Protecting him — and their mutual interests — for so many decades led her to armor herself in what she considered a battle for the greater good. It was a variation of the ends-justify-the-means rationalization. Some of it was her own disposition, but it was also in large part because of him that she became encrusted with reflexive defensiveness, making her year by year more secretive and less than transparent in her dealings with the news media and the public.

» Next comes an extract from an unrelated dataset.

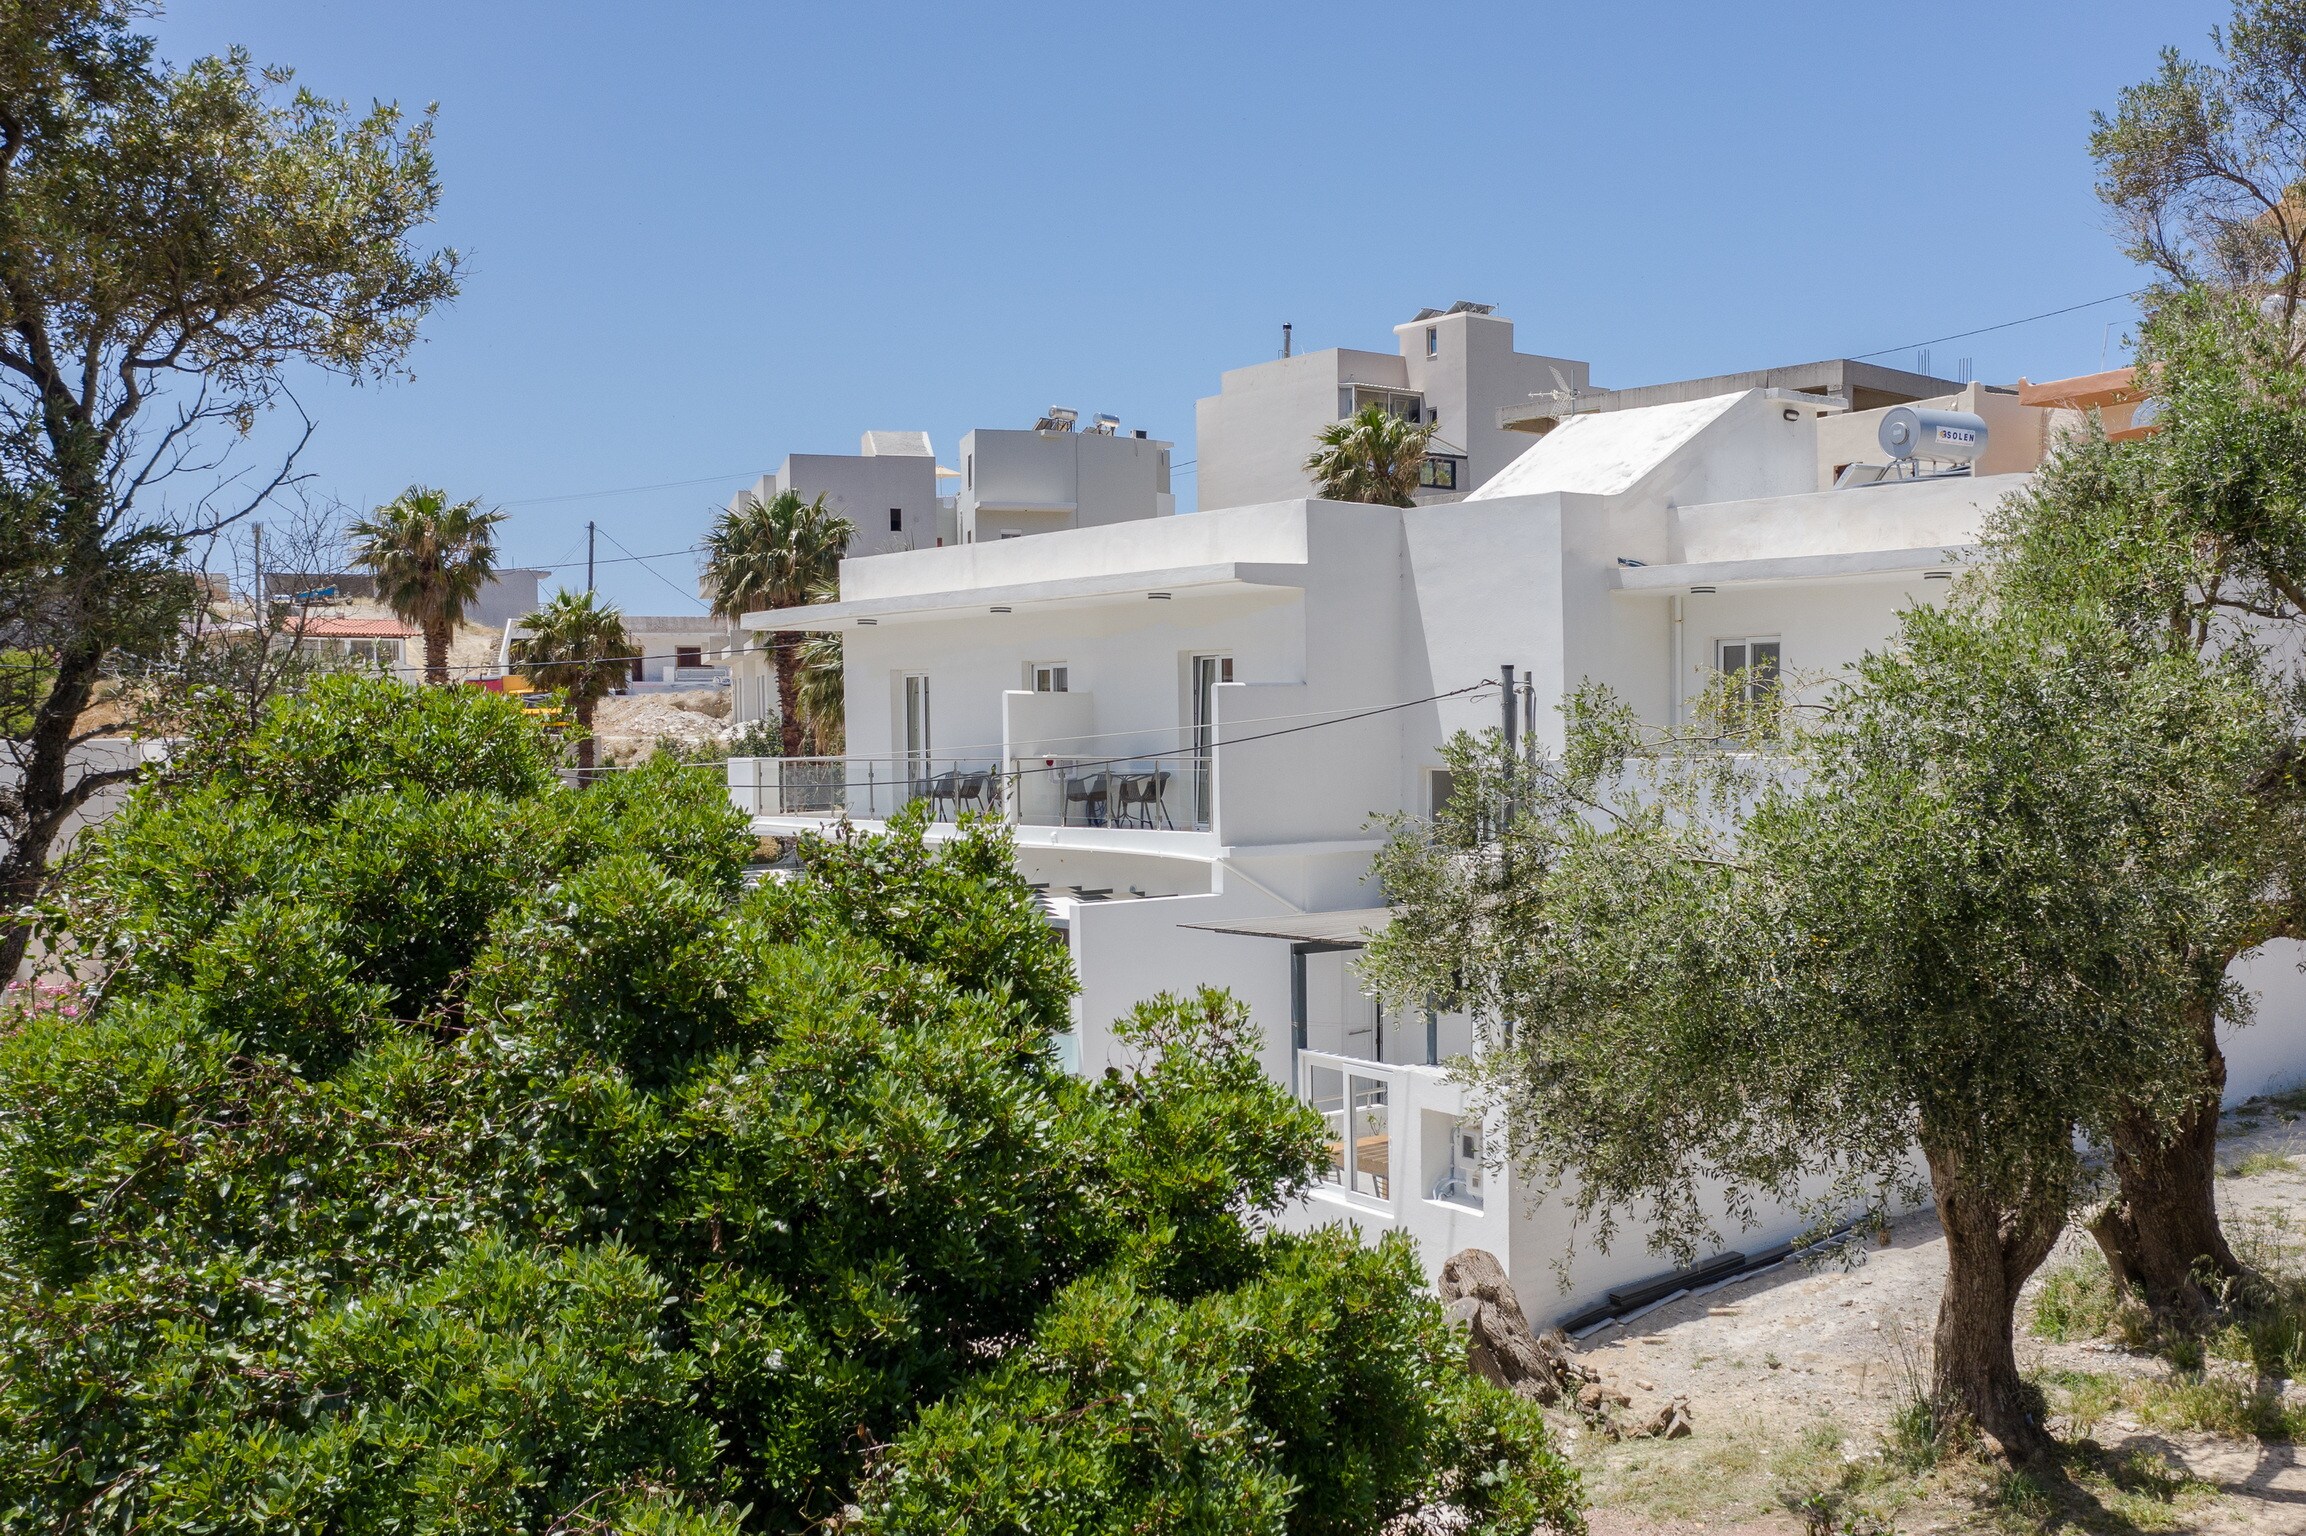 Exterior view of Cozy studio neat the beach & amenities, Plakias,Crete

As they were leaving the White House, his eight years up, nothing left for him to run for after a life of running, it became her turn. First the Senate. Then the unsuccessful presidential run in 2008. Then secretary of state. And now this moment, when Bill, who owes her so much, could pay off a long overdue marital and political promissory note by employing the full measure of his rhetorical skills to boost her history-making week as the first woman to become a major-party nominee for president.

Susan Walsh | Associated Press

First lady Hillary Rodham Clinton watches President Clinton pause as he thanks those Democratic members of the House of Representatives who voted against impeachment in this Dec. 19, 1998, file photo.

Susan Walsh | Associated Press

First lady Hillary Rodham Clinton watches President Clinton pause as he thanks those Democratic members of the House of Representatives who voted against impeachment in this Dec. 19, 1998, file photo.

There has always been a seesaw aspect to the Clinton partnership. When one is up, the other tends to be down, and vice versa. Political opponents who think they might weaken Hillary by revisiting Bill's libertine tendencies should know that her popularity ratings have consistently risen when she takes on the sympathetic role of victim. Although Bill considers himself a masterly political tactician, whatever magic he has too often disappears in his wife's campaigns.

At a key moment during the 2008 primaries, he managed to anger, if not alienate, African American voters in South Carolina and elsewhere by belittling Obama's experience, calling his run for the presidency a "fairy tale" and accusing the Obama campaign of "playing the race card" against him. Bill Clinton seemed flummoxed by Obama. For years he had luxuriated in Toni Morrison's description of him as "the first black president," at least in a symbolic or honorary way.

Now, along came someone who truly could be the first black president. His reaction did not go well.

This year, he recklessly strolled across an airport runway to gab with Attorney General Loretta Lynch days before the FBI decided not to prosecute his wife in the private-email-server case, playing into the hands of conservative critics.

He has been speaking at Democratic conventions since 1976, when the Carter team handed him a modest assignment to praise Harry Truman, and the results over the years have shown him at his best and worst.

He was humiliated while delivering the keynote speech for Michael Dukakis in Atlanta in 1988. Delegates yakked on the floor, barely listening. The lights in the hall were too bright. And he droned on so long that cheers erupted when he reached the words "in conclusion."

His own acceptance speeches had only a few memorable lines — from a place called Hope in 1992, the bridge to the 21st century in 1996. Four years ago in Charlotte, N.C., he articulated the case for the Democrats and against the Republicans with a power and simple clarity that Obama could not summon.

That speech, lifting the party out of a mild funk, might have been his most meaningful at a convention since 1992. Until this one.